- [Information provided]:
....
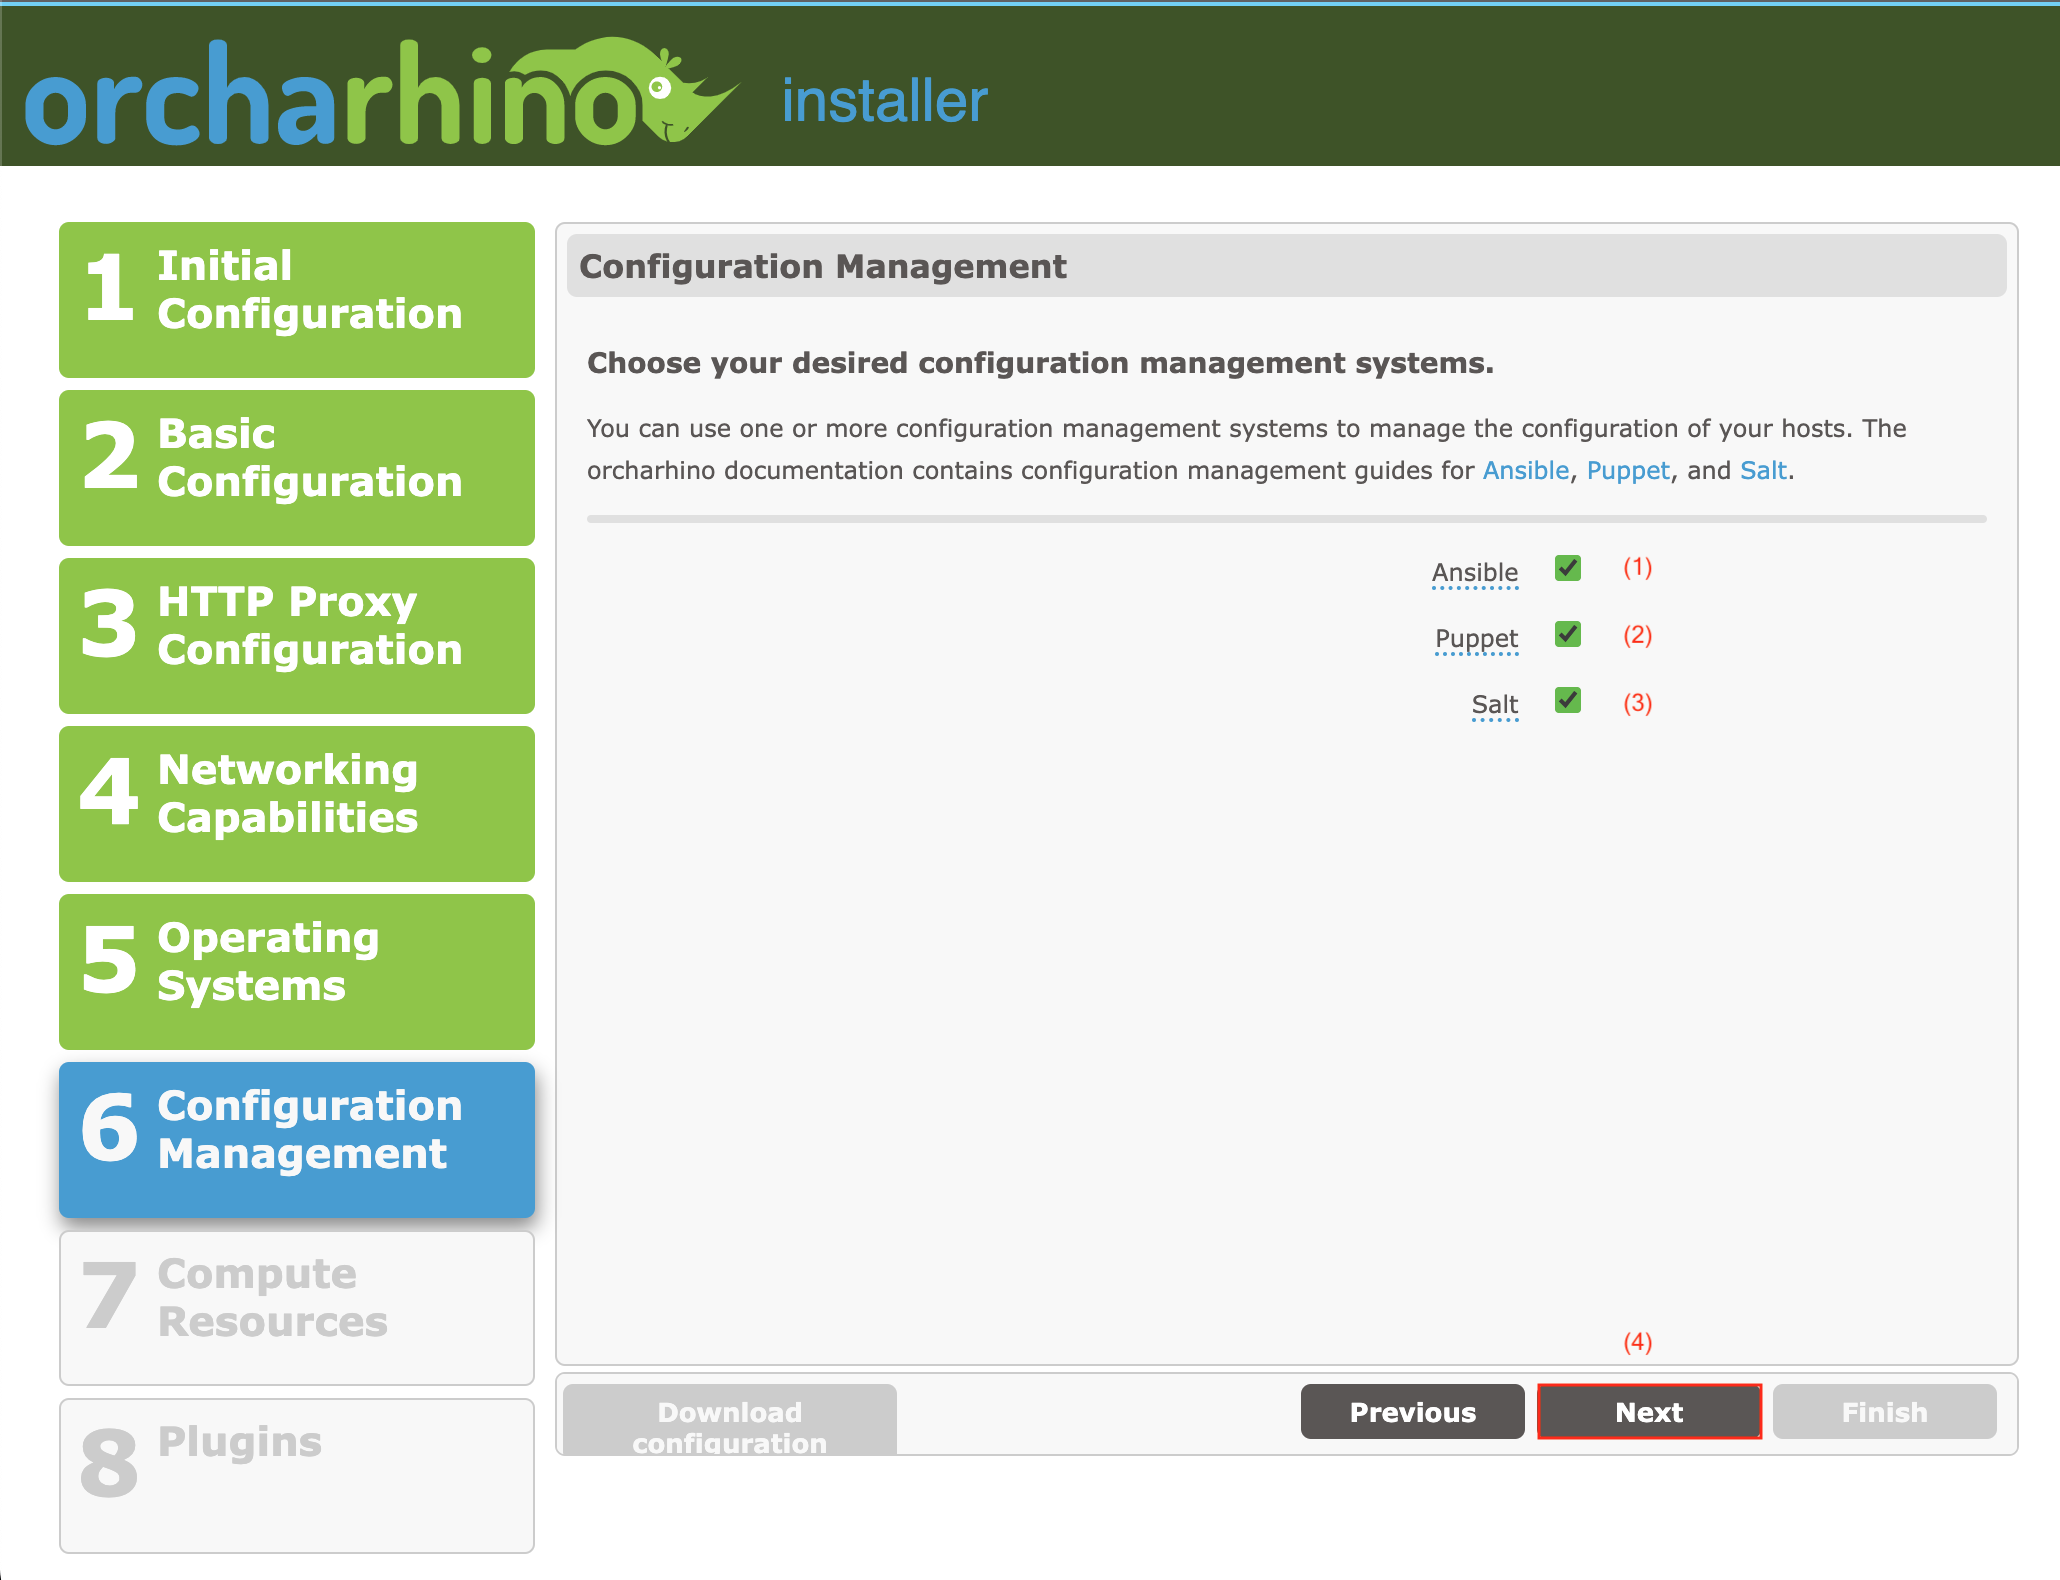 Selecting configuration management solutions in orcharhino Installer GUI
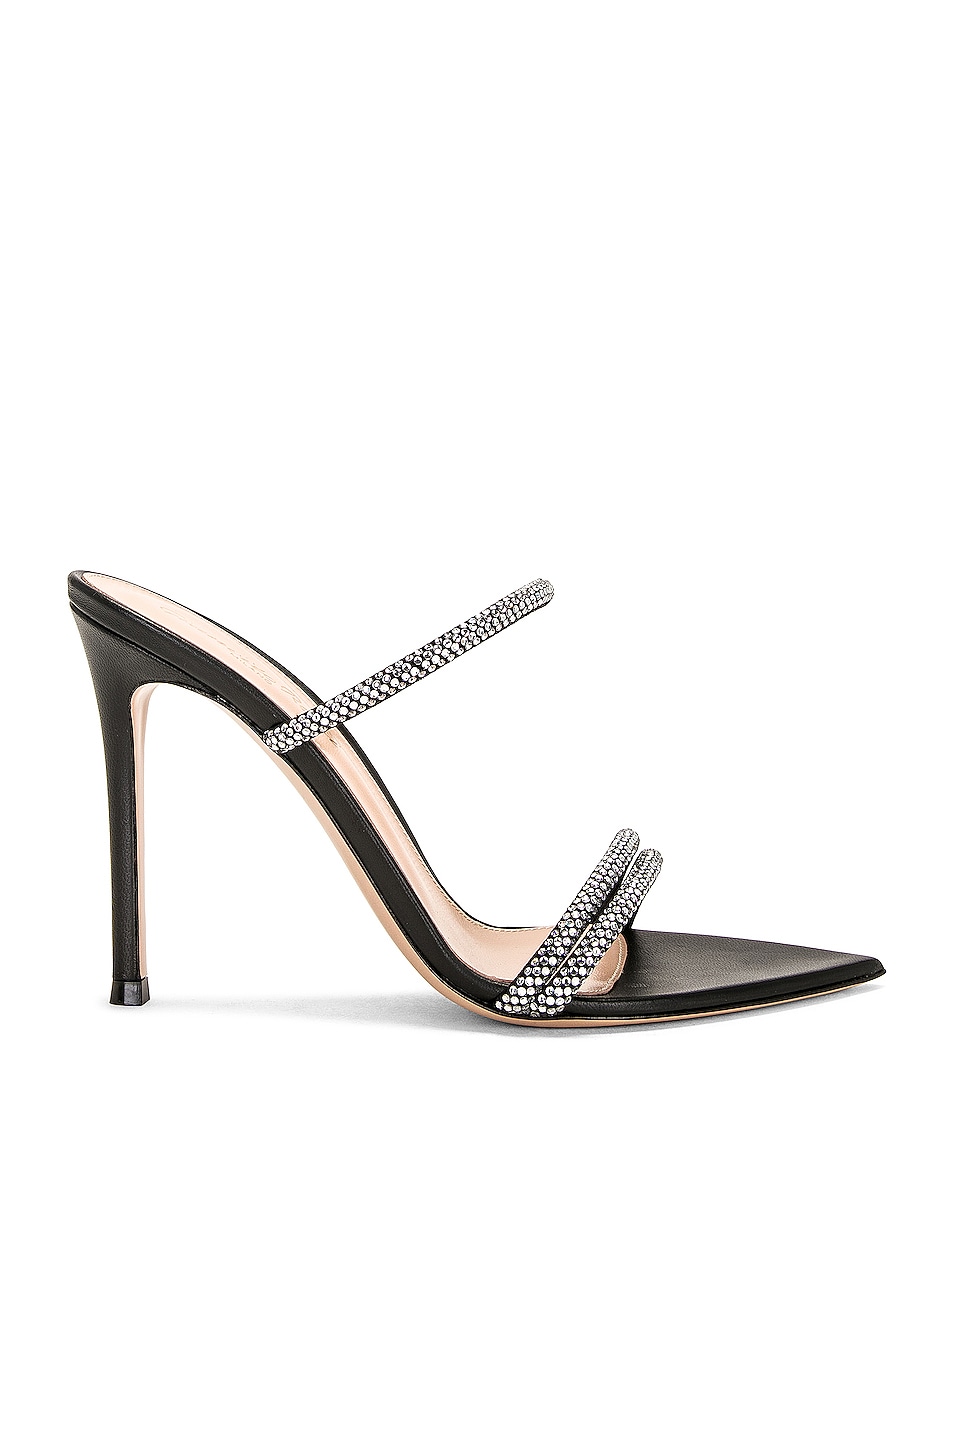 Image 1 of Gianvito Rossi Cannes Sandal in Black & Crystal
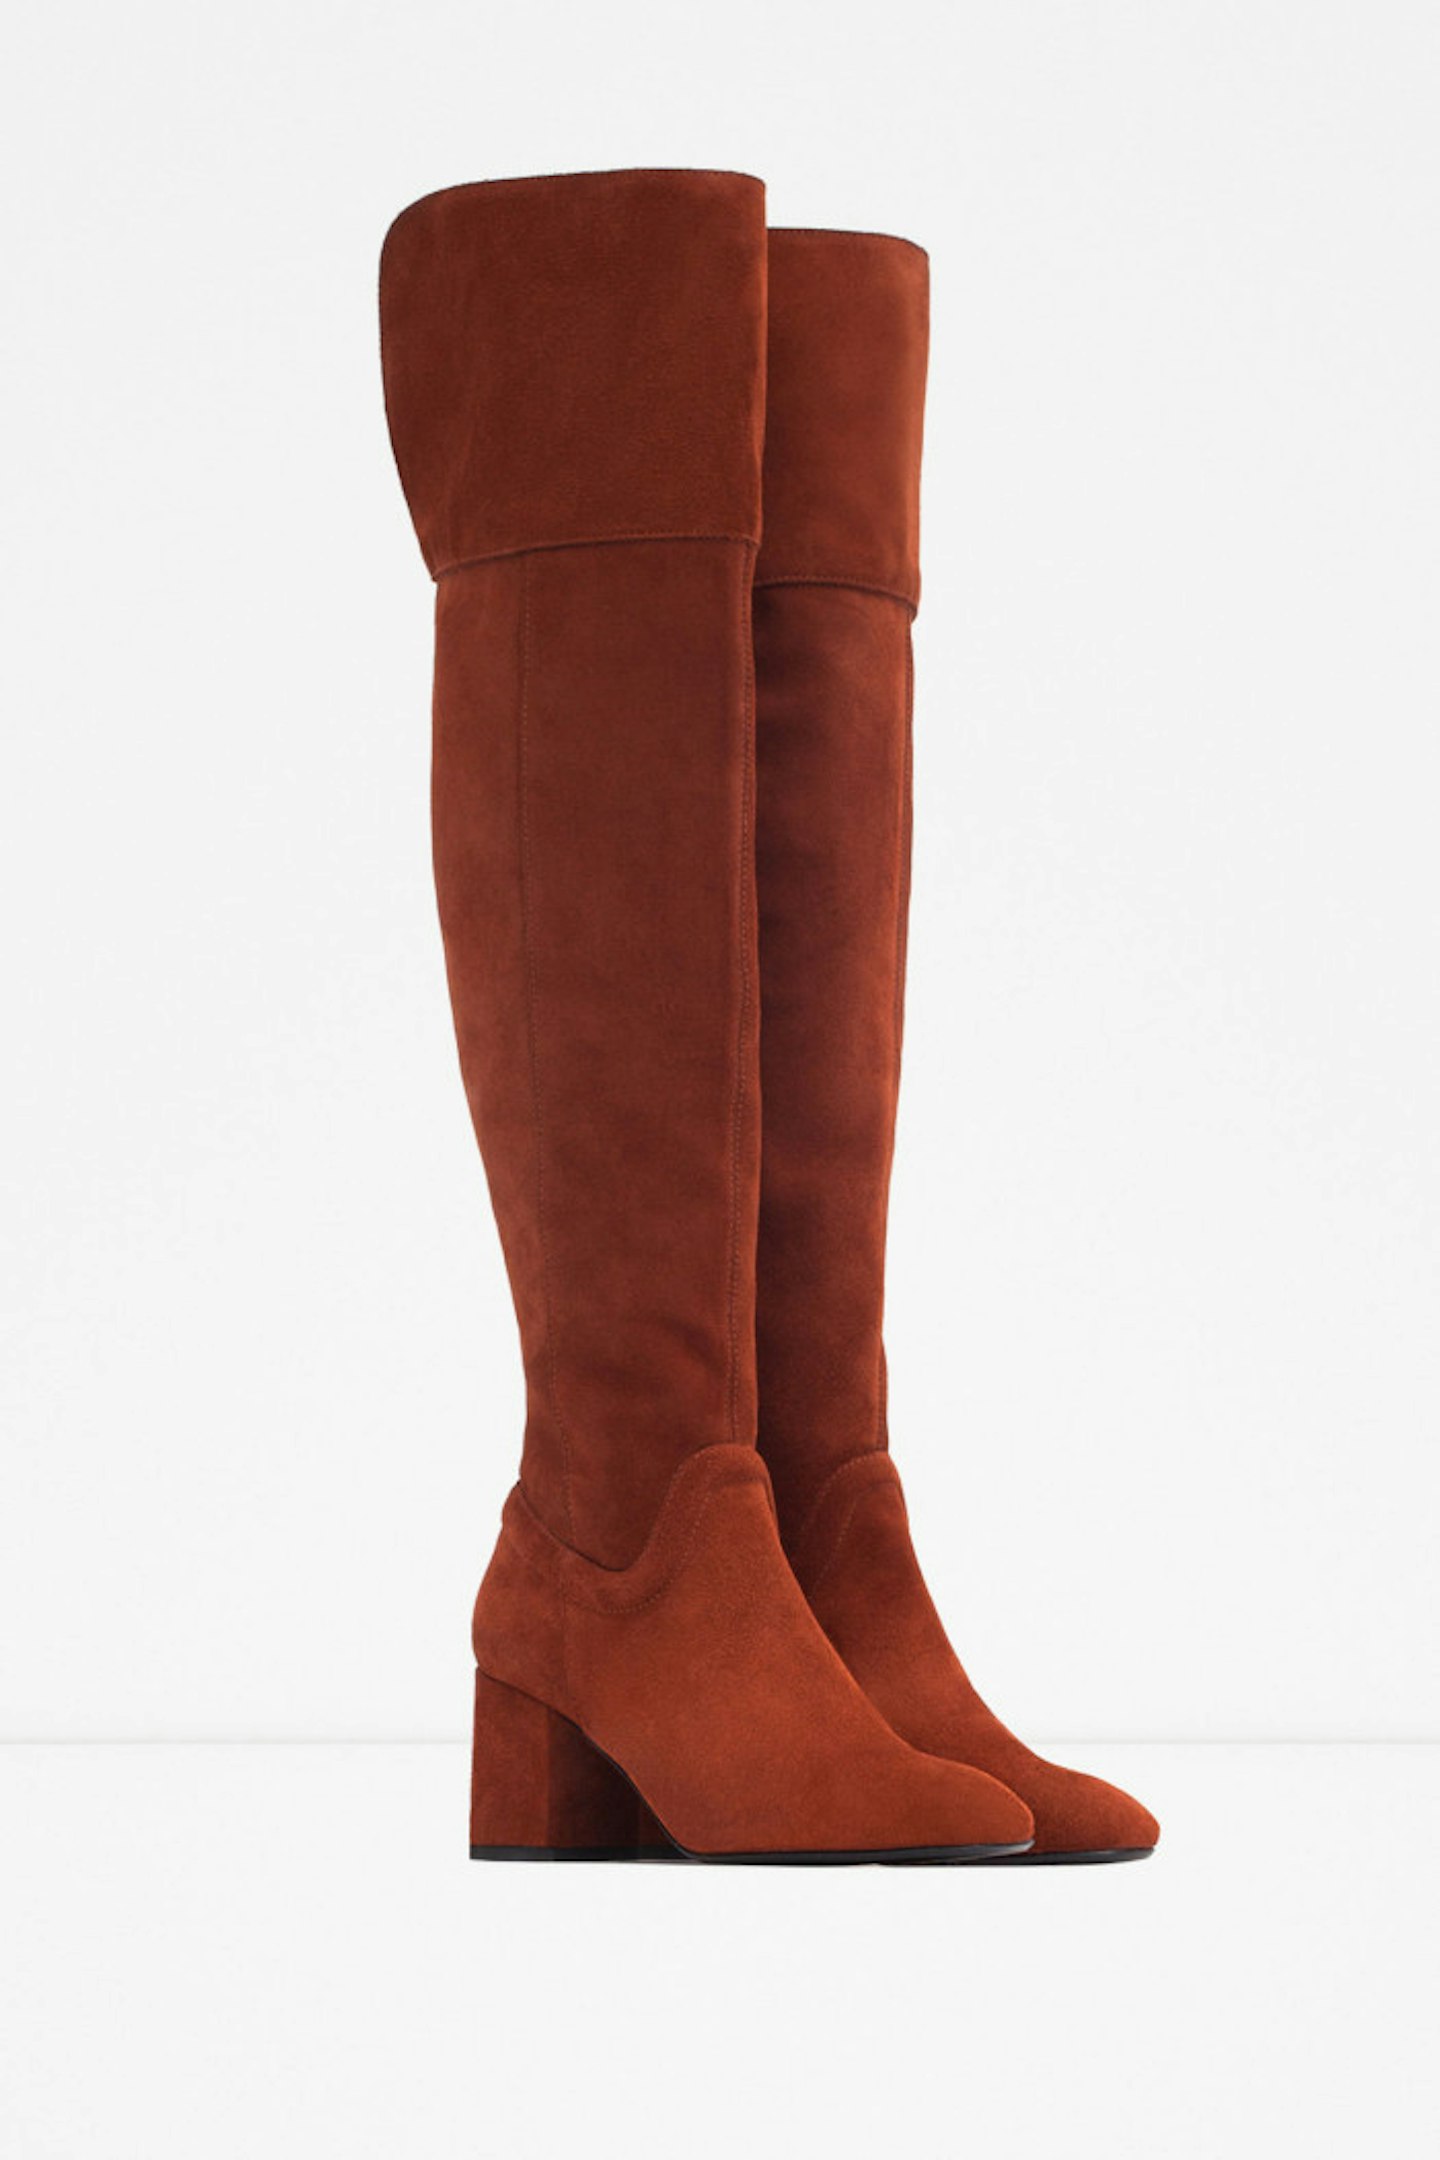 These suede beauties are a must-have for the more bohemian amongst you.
....
From the line containing "Image 1 of Gianvito" through the last line of the material above, write out each line exactly, leaving aside all pictures.

- [Expected output]:
 Image 1 of Gianvito Rossi Cannes Sandal in Black & Crystal
 These suede beauties are a must-have for the more bohemian amongst you.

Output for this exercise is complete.